_RAW DATA:_
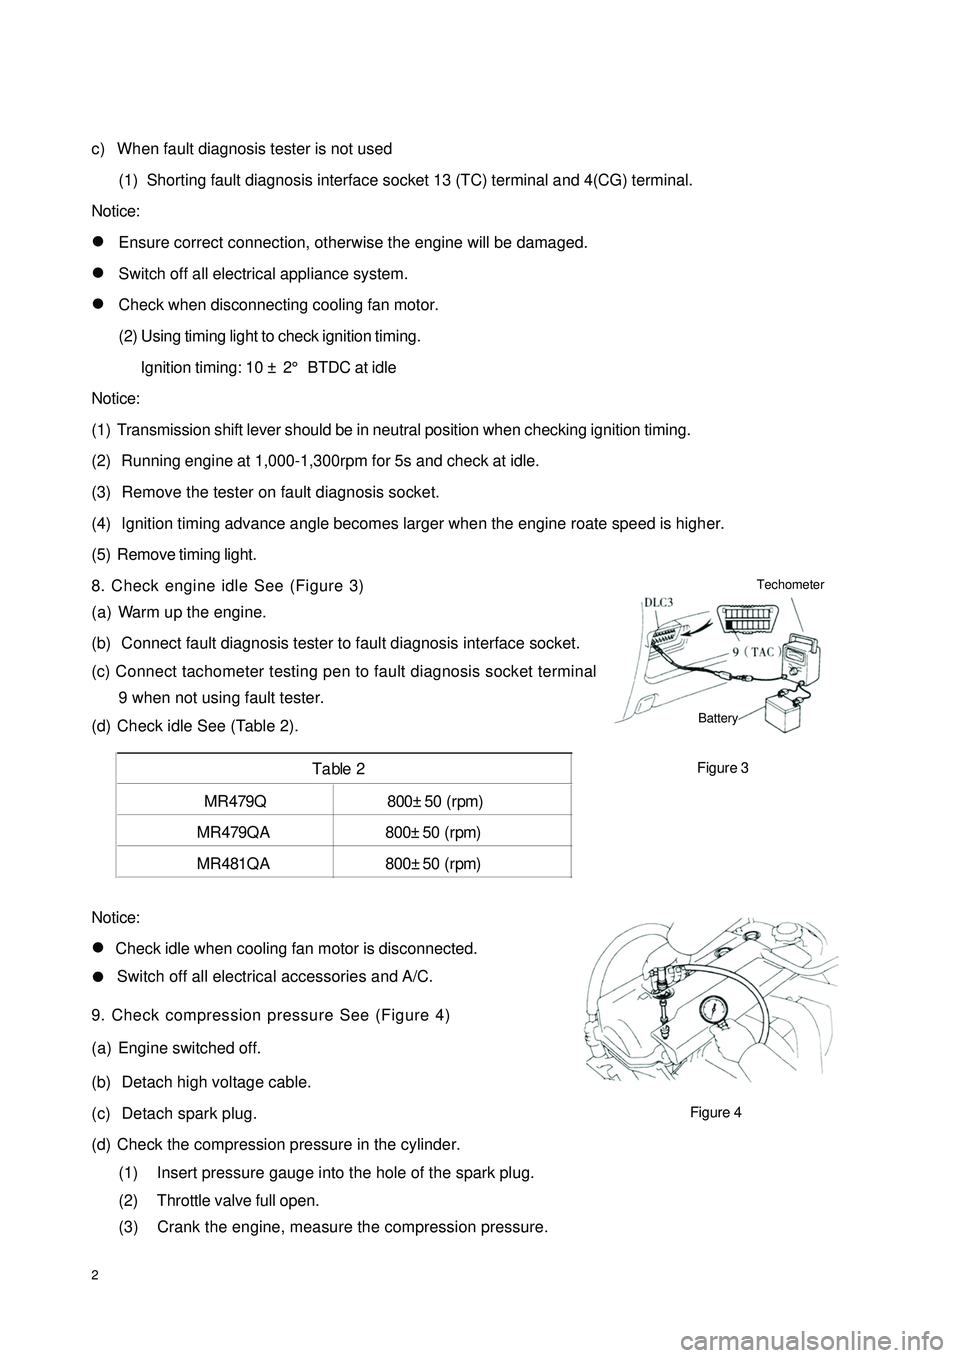 GEELY CK 2008  Workshop Manual 2c) When fault diagnosis tester is not used
(1)  Shorting fault diagnosis interface socket 13 (TC) terminal and 4(CG) terminal.
Notice:
�zEnsure correct connection, otherwise the engine will be damage

_EXERCISE BRIEF:_ Give back the whole listing exactly as it stands. No pictures belong in the copy.

_WRITTEN RESPONSE:_
 GEELY CK 2008  Workshop Manual 2c) When fault diagnosis tester is not used
(1)  Shorting fault diagnosis interface socket 13 (TC) terminal and 4(CG) terminal.
Notice:
�zEnsure correct connection, otherwise the engine will be damage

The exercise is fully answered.